Two-thirds of that research, he said, is aimed at designing the most efficient fuels for fast breeders, a type of reactor that both consumes and produces plutonium. The United States, France and Britain all launched commercial fast breeder programs, only to abandon them in the 1980s and 1990s. Only Japan, Russia and India are still developing fast breeder reactors.

A Japanese official, who spoke on condition he not be identified, said a key issue in recent negotiations with Washington over the materials’ return was whether alternate fuels might be used for research at Tokai, possibly with U.S. or British help.

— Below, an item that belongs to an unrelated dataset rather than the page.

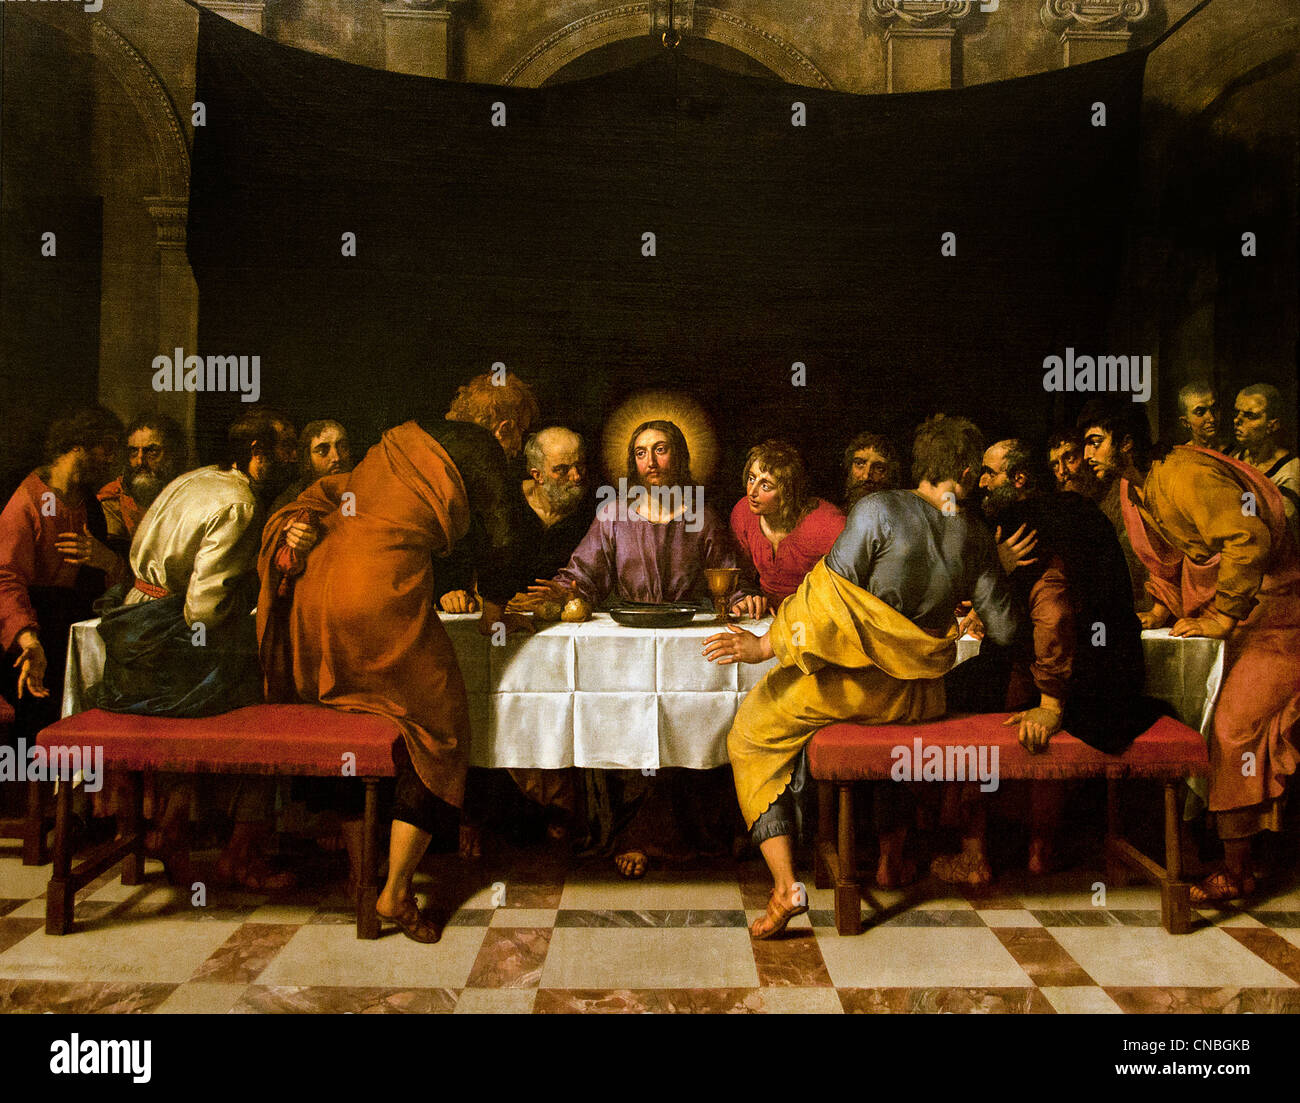 La ultima cena de jesus fotografías e imágenes de alta resolución - Alamy

During a recent visit, Yamane led his entourage down a corridor lined with dingy beige walls, with linoleum peeling off floors beneath fluorescent lights. After the visitors picked up dosimeter badges and put on white overalls, slippers, and hats, they moved through an airlock into the reactor workroom. A construction crew and foreman were working inside the room, repairing the building and replacing an overhead crane. One worker was seen carrying a heavy tool bag through the main airlock without any escort.

Under current Japanese practices, these subsidiary workers also are not subjected to detailed background checks.

The Fast Critical Assembly at present consists of two steel honeycombs, about eight feet high and eight feet wide, facing one another. To conduct the fuel studies, wafers of plutonium or uranium 2 inches by 2 inches or 1½ inches by 1½ inches are assembled by hand in trays resembling those that hold library catalogue cards and inserted into the cells. The low-power reactor goes critical — the nuclear chain reaction begins — when the two sides of the apparatus are pushed together.

The direct involvement of the researchers in manipulating the disks greatly increases the risk of theft or diversion, according to U.S. experts who have visited the plant.

No diversion has ever been documented. But another facility at the Tokai research center — the Plutonium Fuel Production Facility — has acknowledged difficulties in keeping track of its plutonium. It opened in October 1988 to develop fuels for a small experimental breeder reactor. But by 1994 about 152 pounds of plutonium — enough for about 23 bombs — was missing, a fact first reported by the late Paul Leventhal of the Nuclear Control Institute of Washington.

As a result, the International Atomic Energy Agency asked Tokai’s operators to shut down the fuel plant, cut up the equipment and measure the plutonium stuck inside it. Officials spent two years and $100 million on the effort, and whittled the “missing” plutonium down to about 22 pounds — still about three bombs’ worth. That was the best they said they could do.

Jonathan Lalley, assistant press secretary for national security at the White House, said return of the plutonium from the Fast Critical Assembly was the subject of an “ongoing negotiation.” But other informed sources in both countries said the deal was done.